Phylogenetic analyses

All tuatara cytochrome b sequences group together at 99% CP and 89–100% BCL (Figure 3). The genetic divergence is much higher between tuatara nCYTB and mtCYTB (D=0.21–0.22) than among mtCYTB sequence of all populations (0–0.03), indicating that the branching of the nuclear copy is older than the common ancestor of all extant mitochondrial copies, and so appears to be an ideal outgroup. It has been noted that numts may have significantly longer or shorter branch lengths than their mitochondrial homologues, which may affect phylogenetic reconstruction (Lopez et al, 1997; Zhang and Hewitt, 1997). The internal branch leading to the tuatara numt sequences looks much longer than that leading to the mtCYTB sequences. However, this is a tree-construction artefact, as the branch length differences lessen when Jukes–Cantor distances or the neighbour-joining method is used, and lessen more in MP and ML trees. All these methods give the same overall tree topology. For all the above reasons, nCYTB is an appropriate outgroup with which to root a tuatara mitochondrial gene tree. Other squamates, separated by 230 million years of evolution, are too distant to act as reliable outgroups to the mtCYTB of tuatara populations; the nCYTB sequences break the long branch between the tuatara and squamates (Figure 3). The short-terminal branches in the tuatara mtCYTB are likely indicative of a recent species bottleneck that lost most mtDNA genetic variation in Sphenodon, as discussed in Hay et al (2003).

All the tree-building methods used here place the root of the mitochondrial DNA tree between northern and Cook Strait populations (except the ML tree, which did not resolve tuatara branching patterns), with the Cook Strait populations grouping together at 93% CP and 85–97% BCL, and the northern populations clustering at 82% CP and 74–76% BCL (Figure 3). This northern–Cook Strait islands split is the best supported node in the mitochondrial part of the tree.

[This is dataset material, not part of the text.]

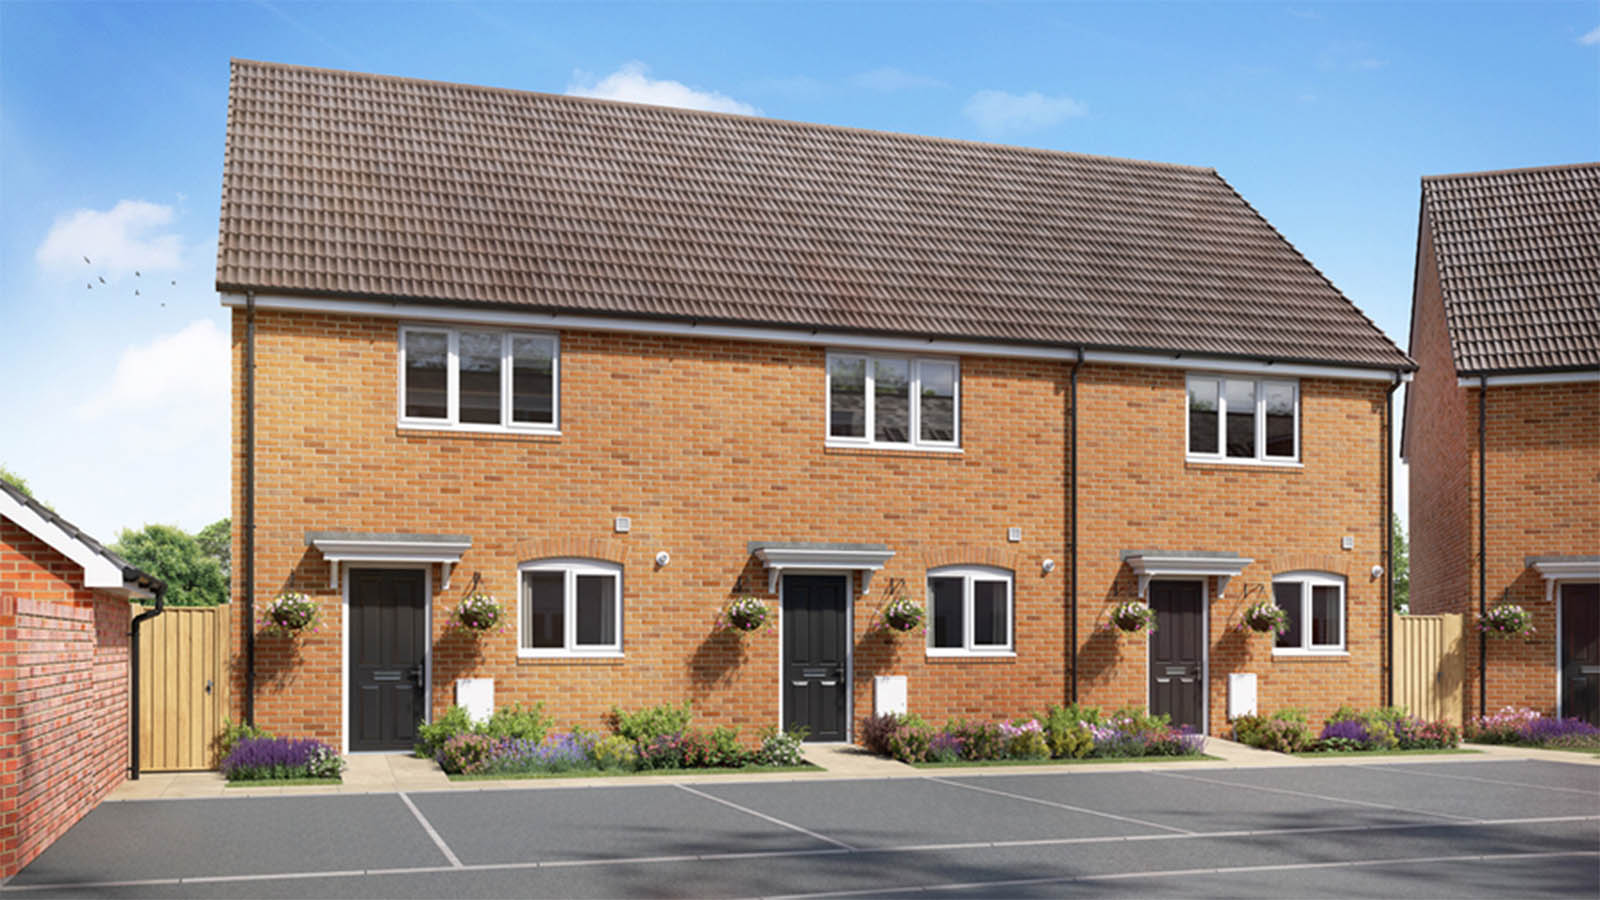 Two-bedroom homes from Bromford at Great Oldbury

The present analysis with a suitable outgroup supports the previous mtDNA estimate with mid-point rooting (Hay et al, 2003): that for the mitochondrial genome, Cook Strait Sphenodon punctatus group more closely with S. guntheri (also Cook Strait) than with northern S. punctatus. This topology is concordant with geographic distribution, but is discordant with allozyme genetic diversity. The discrepancy between the two molecular approaches (Figure 2) requires resolution if the current taxonomic division of tuatara into two species is to be confirmed. For example, the allozyme and mtDNA phylogenies and the current division into S. guntheri (Brothers Island) and S. punctatus (all other populations) could be reconciled satisfactorily if it were demonstrated that there had been Pleistocene or recent introgression of mtDNA into the Brother's tuatara population through admixture of populations during glacial cycles, as was observed in Drosophila simulans (Ballard, 2000). The Cook Strait islands were last joined to the mainland 8–12 000 years ago, but there were up to 50 glacial cycles of joining and separating land masses as sea levels fell and rose again (Worthy and Holdaway, 2002). Alternatively, it may be that an anomaly of historical partitioning of allozyme alleles from other Cook Strait, northern or extinct mainland populations combined with genetic drift and other population processes has resulted in a phylogenetic signal that has led to an incorrect division into two species. Resolving the organismal history will require independent nuclear DNA information, which is being gathered (Aitken et al, 2001; Hay unpublished data). We are also examining genetic variation of mtDNA from subfossil tuatara bones from now extinct mainland populations, to test whether former genetic variation was continuous or disjunct, and to see whether Brothers tuatara are allied more closely with an extinct population than with any of the remnant extant populations. The present study demonstrates the difficulties of elucidating the organismal history of a once widespread taxon from the fragmented remnant populations. This problem is common in New Zealand and other archipelagos where terrestrial species evolved in an environment free of mammalian predators and competitors, and whose post-human colonisation distribution is greatly reduced and fragmented.